-- Action item --
Please output exactly the lines from the one that holds "Nissan Xterra 2023" through the final line of the data, and nothing else; leave out any pictures.

-- Data block --
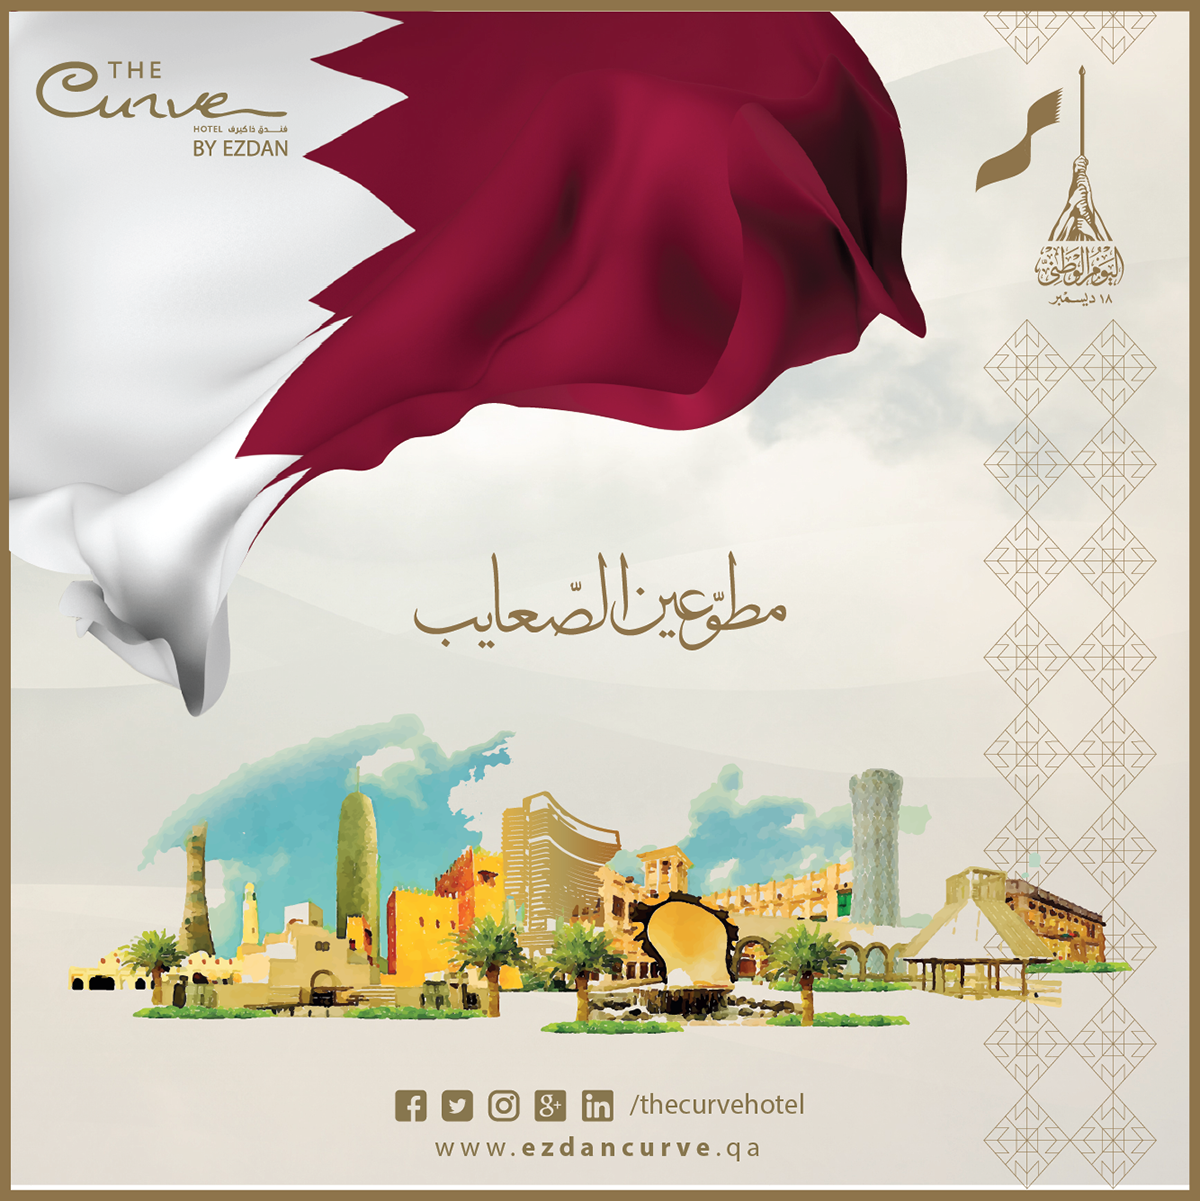 Qatar National day flag the Curve Hotel Ezdan
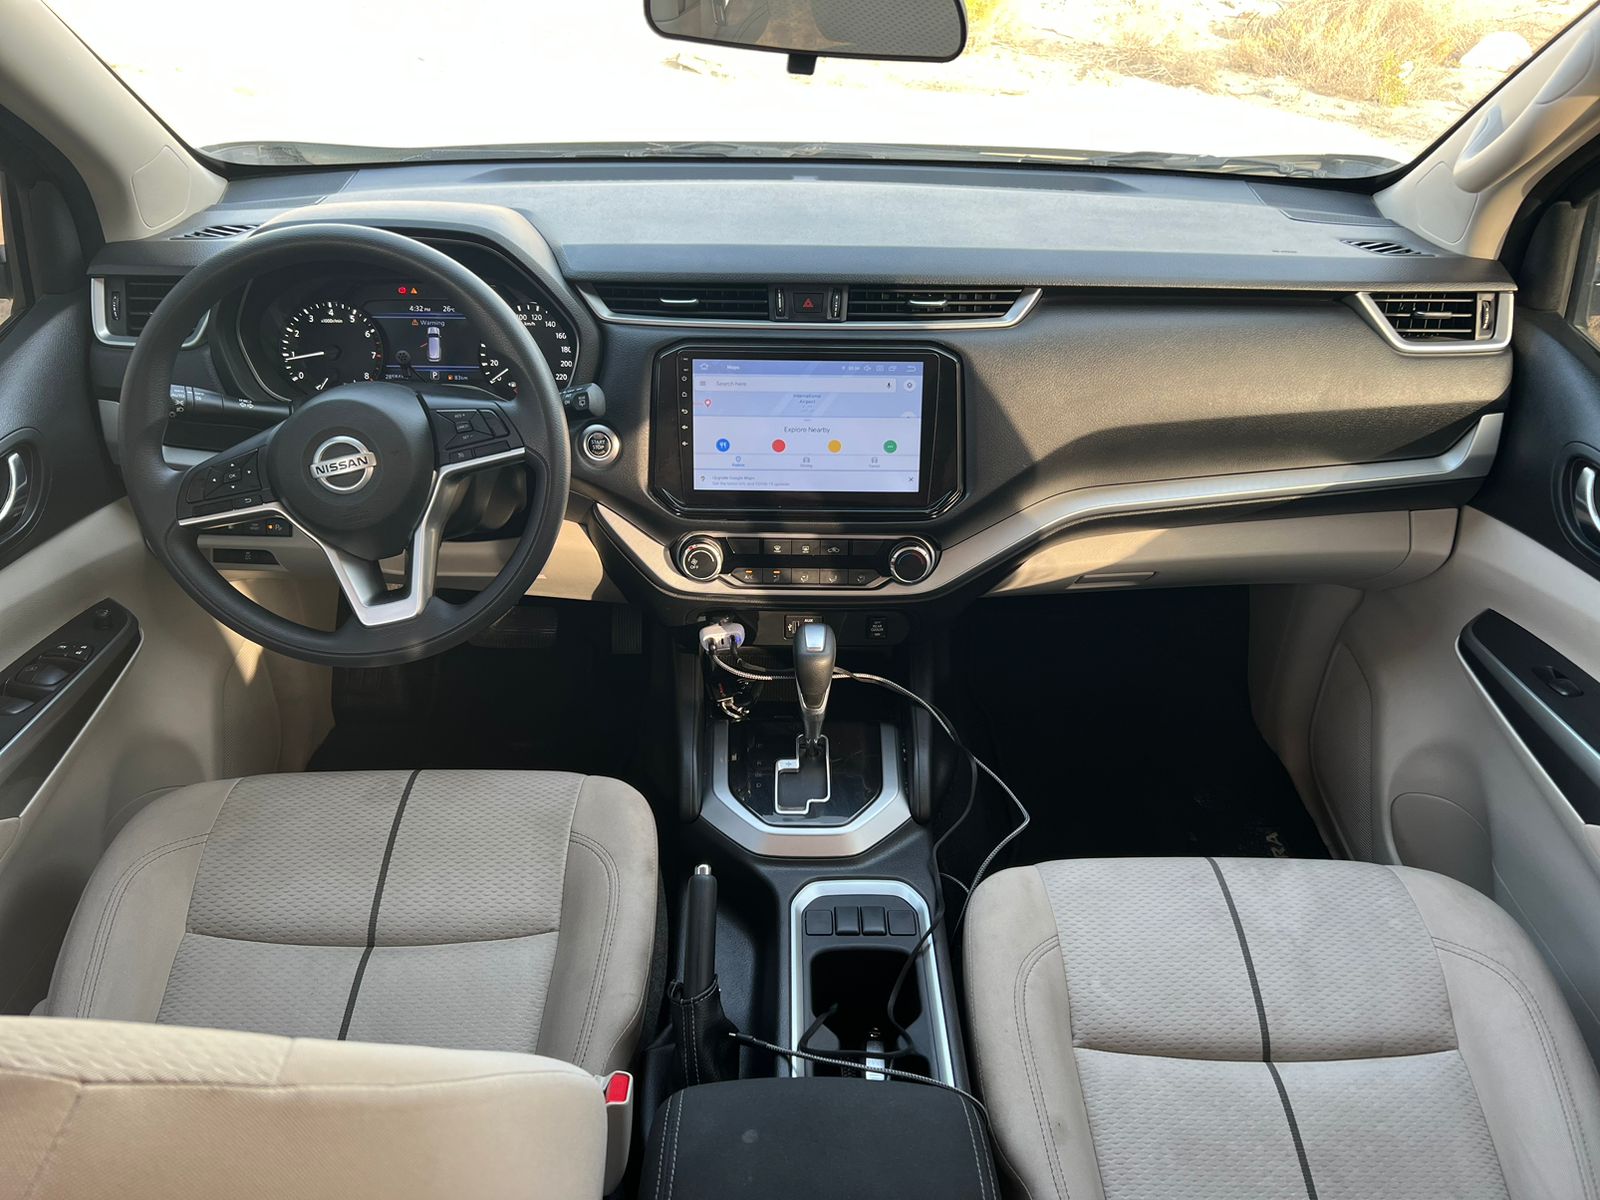 Nissan Xterra 2023 Interior beige seats and black interior
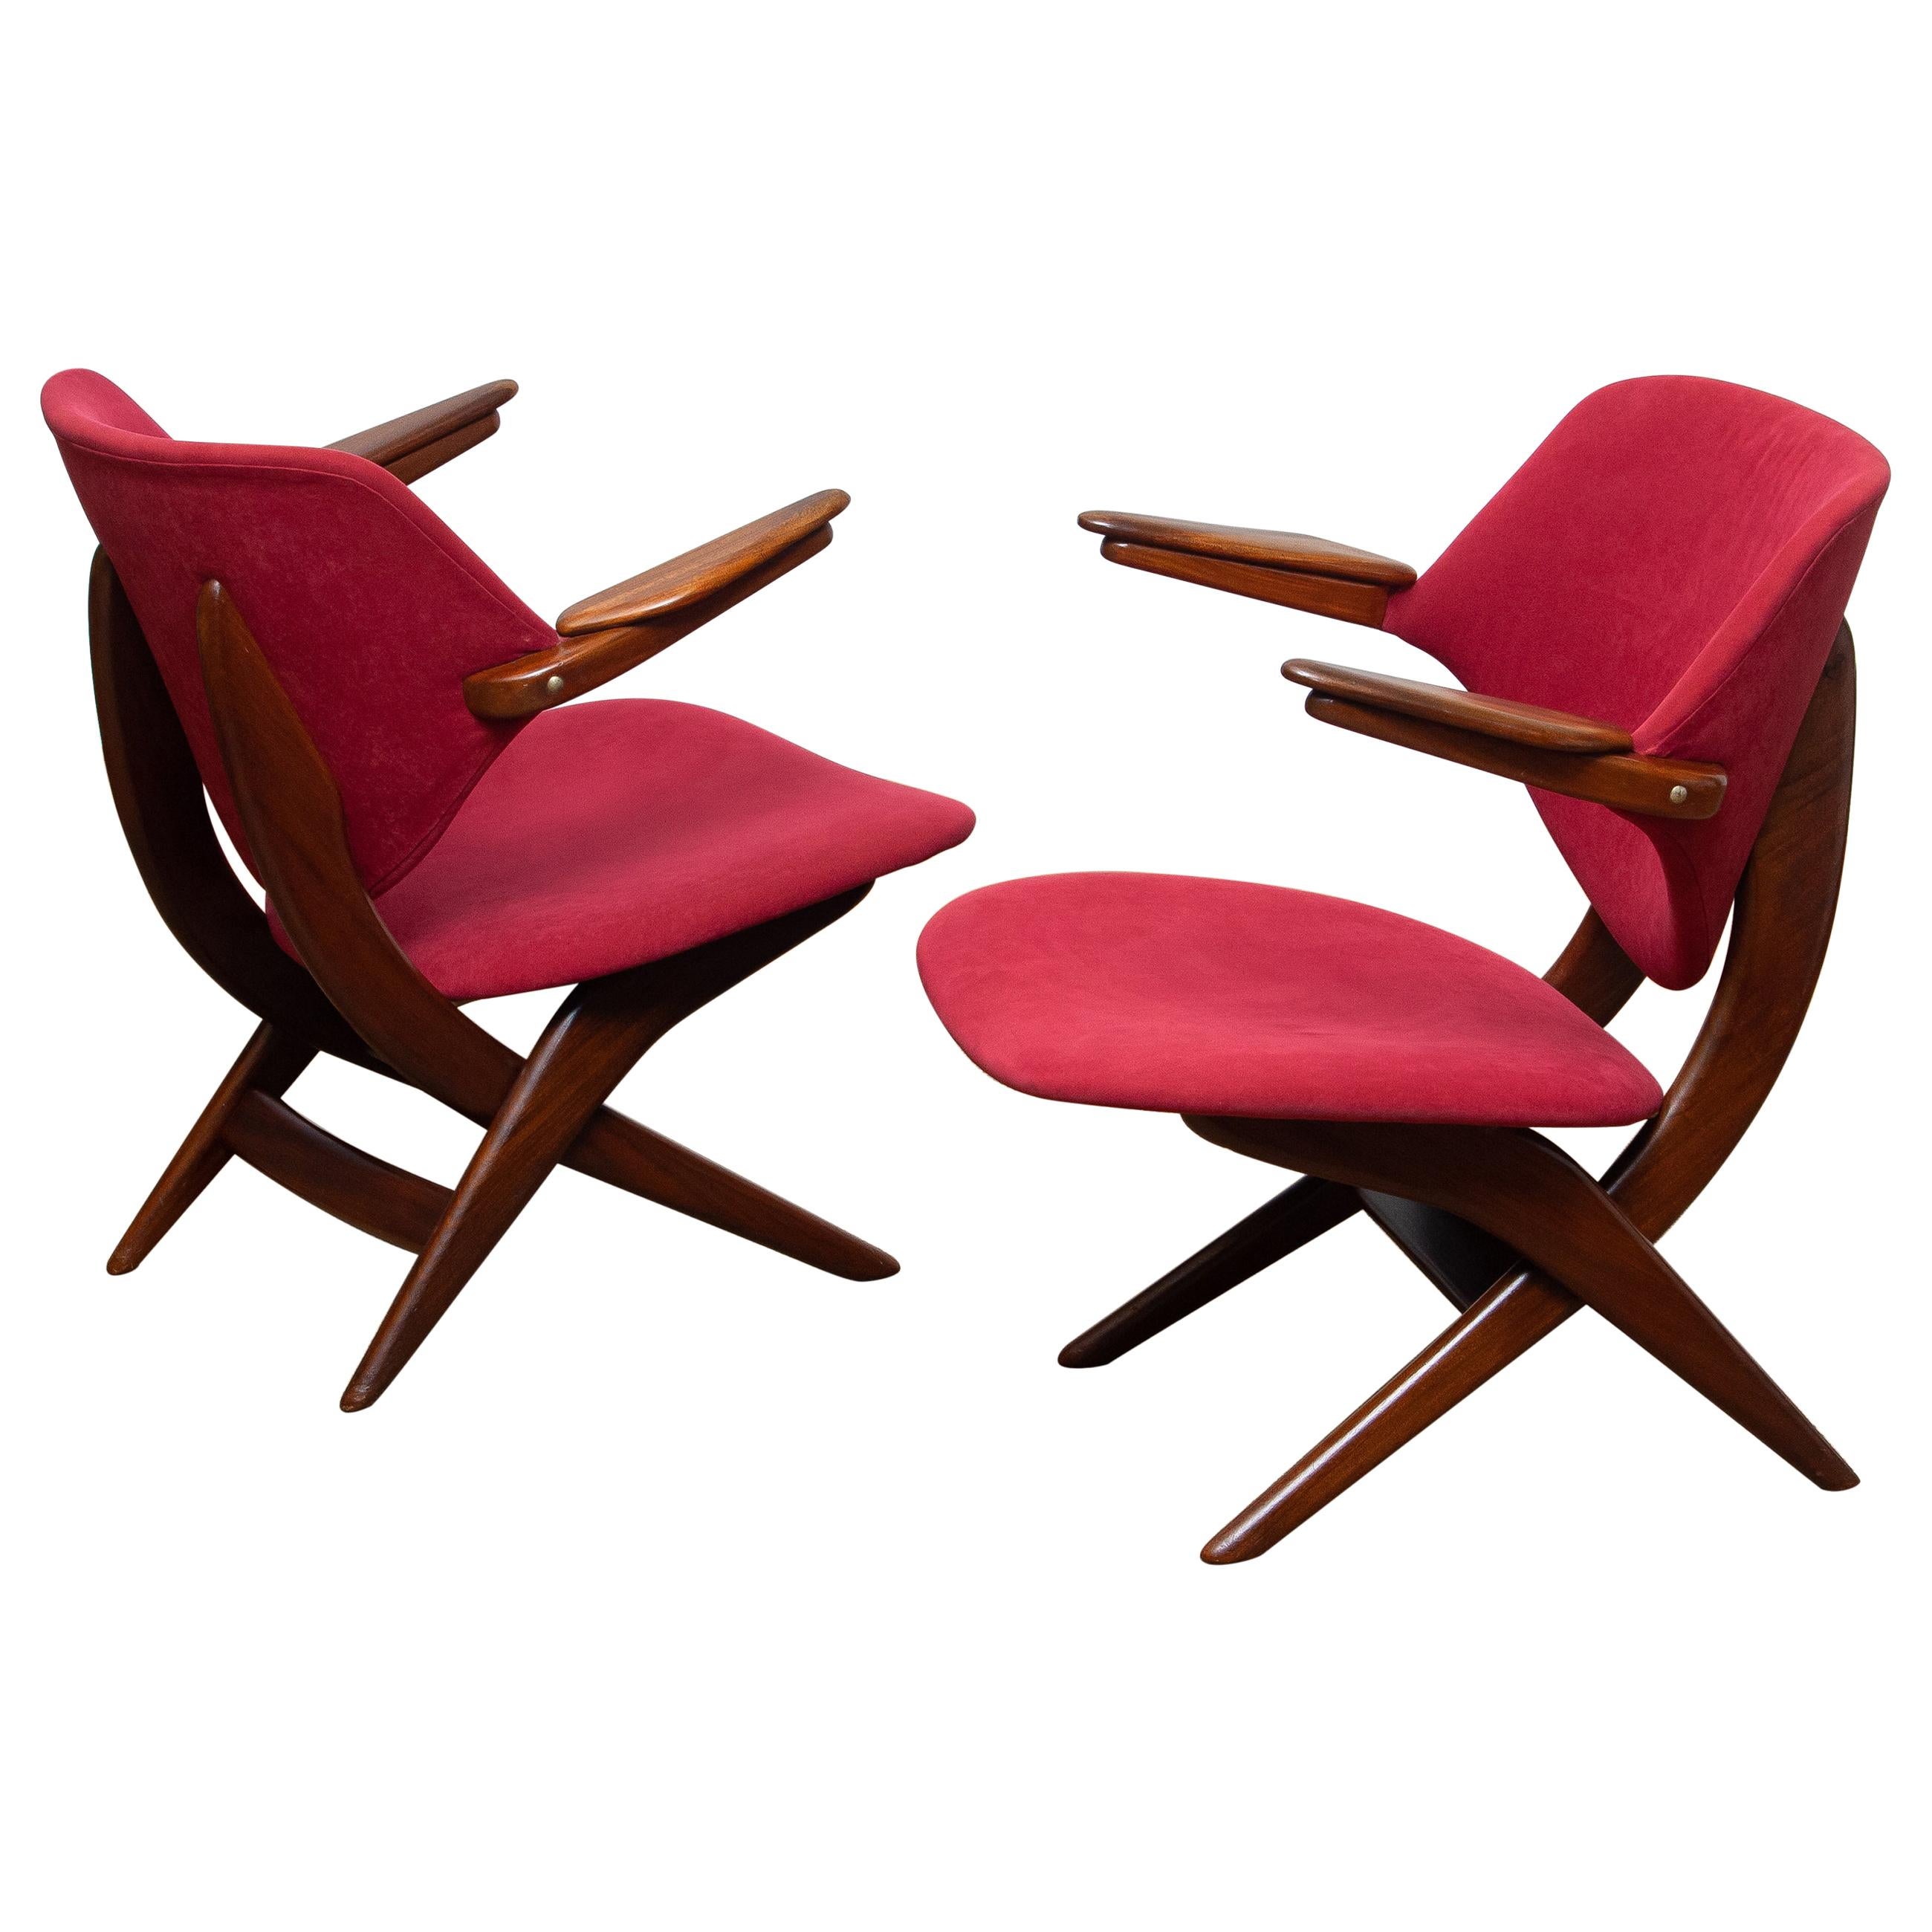 1950s, Set of Two Teak Lounge/Easy Chairs by Louis Van Teeffelen for Wébé In Good Condition In Silvolde, Gelderland

-- Answer space --
 Nissan Xterra 2023 Interior beige seats and black interior
 1950s, Set of Two Teak Lounge/Easy Chairs by Louis Van Teeffelen for Wébé In Good Condition In Silvolde, Gelderland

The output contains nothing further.